The video demonstrates some Leptusa (probably pusio) larval behavior. Larvae and adults were collected under oak bark in the fall. I’ve been keeping the larvae in the hopes of seeing whether they spin a cocoon and to confirm the adult association, but because I’ve been keeping them inside and they likely need a period of cold diapause, they were slowly dying off. In the mean time, I took the opportunity to take some videos.
An interesting observation I was able to make was on their “dabbing” behavior using the abdominal defensive gland—originally described by Dettner (1993). The highly pigmented nozzle-like end to the gland is used to dab defensive secretions onto aggressors. I am currently coauthoring a paper where we discuss this morphology as a potential synapomorphy for the homalotine-groups of aleocharines, and I’ll update you guys on it further when it is published.
The brawlers of the aleocharine world – half the males are after the benjamins, the other half are perfectly fine getting what they can get.

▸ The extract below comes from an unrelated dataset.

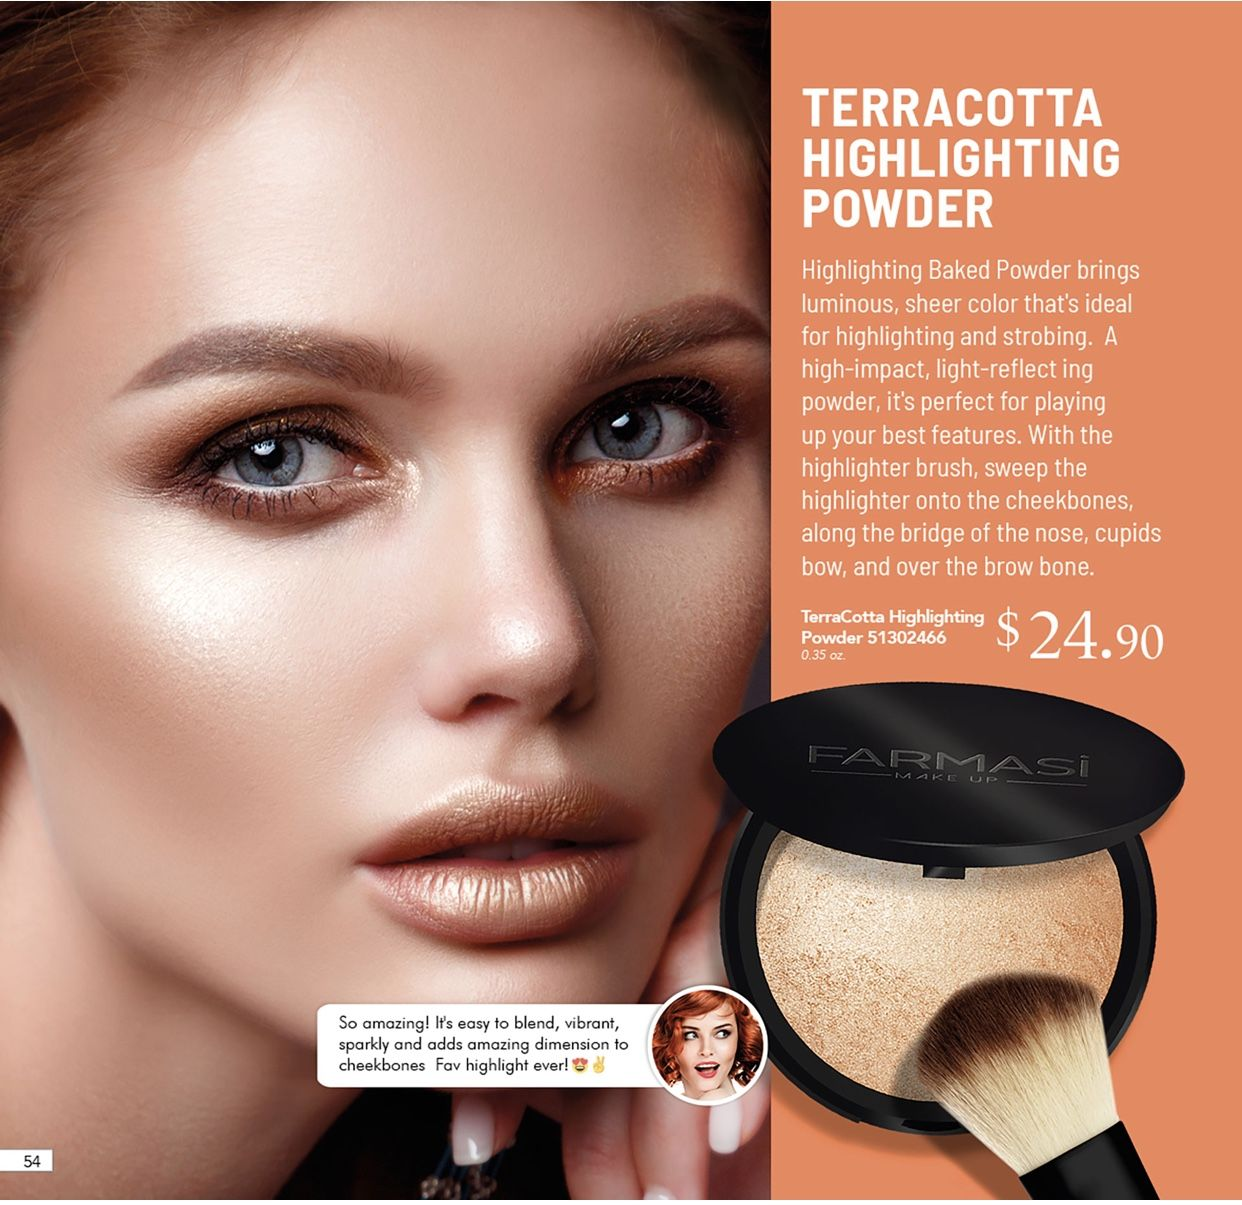 Terracotta baked powder Highlighter brush, Powder makeup

Pogonomyrmex harvester ants dump scraps outside their nests.
Pogos at night.
For scavengers, this can be a lucrative place to visit for a meal. Tenebrionidae are frequent visitors. During our trip to TX this past summer, Blapstinus were very diverse and abundant around Pogonomyrmex nest entrances at night.
Blapstinus just eat trash so they’re a benign existence, but nonetheless are not welcome in the eyes of the ants.
This Blapstinus is not welcome.
It’s funny how life works out sometimes. Back in the day, tarsal formula was THE way to classify aleocharines. It’s a nice idea, very numerical and exacting. But, we now know, and this stinging fact is becoming more and more apparent with each additional study, that tarsal formula is super homoplastic and usage needs a bag, not a pinch of salt when considering.
Another addition to the aleocharine tarsal formula collage: 3-4-5!
Fore leg with 3 tarsomeres.
Sometimes in the literature I come across definitions of myrmecophily that are quite restrictive, limiting the phenomenon to the most integrated members of the niche. I strongly think that myrmecophily is a spectrum, ranging into those that are more loosely associated with ants. If we don’t consider the entire spectrum, we miss the entirety of an ecosystem centered around an ant society.
From Texas again. This is Araeoschizus, a tenebrionid. These guys are loosely associated with ants, but they seem to have a tendency to be found with them. I often collect them with a variety of ant species. This trip, I observed them actively following Solenopsis (?) foraging columns at night for the first time. This adds to the complexity of Araeoschizus natural history.
This one’s from Monahans Sand Dunes
I would argue, the most under-appreciated niche among Aleocharinae are the myriad of associations with plants. Naturalists wouldn’t associate aleocharines and probably staphylinids in general as being associated with plants, but of course, the ecologically promiscuous aleocharines have managed to evolve plant-associations multiple times. Although they never really take off in number of species, the ways they associate with plants are rather intriguing.
There are those that eat pollen, such as Platandria, Microlia, Amazoncharis, Polylobus, Oxypodinus, Heterotaxus. Himalusa eats foliage. There are some stranger ones still that are predaceous in the confines of inflourecsens and leaf rolls, such as Charoxus, Ctenopeuca, Heliconandria, and Polycanthode. And then those that seem to be openly predaceous on foliage, like Oligota and
Leucocraspedium Leucocraspedum (thanks go out to Margaret for pointing out the spelling error for the genus).
Below I quickly put together some adaptations that you can find on the fore leg morphology of plant-associated aleocharines.
Adaptations in the fore leg of Aleocharinae associated with plants.
Spines appear to be a popular theme in aiding with grip on a smooth surface, as can be seen in the pollen feeding Amazoncharis and Heterotaxus. Notice that Amazoncharis has stubby modified setae on the ventral surface of its tarsus in addition.
Heliconandria peoechma, on the other hand, lives in the leaf and flower rolls of Heliconia spp. Here, they likely prey on soft bodied organisms and participate in lapping up biofilms for microscopic food items. This species has additional fuzziness on the basal-most tarsomere and a modified tarsal claw. The tarsal claw is ventrally swollen, and has an additional facet which adds surface area.
A new study by Erwin and Zamorano reviews the Neotrpical Lachnophorini, which includes the enigmatic species pictured below. The image was taken by myself on our lab trip to Costa Rica. We were all collecting on a rock face seep for hydrophilids and I captured the imaging thinking, “oh, pretty carabid.” Later the image made its round to Terry and was able to contribute to his recent pub.
Below, Andrew and Crystal are collecting at the seep. I doubt carabids were collected.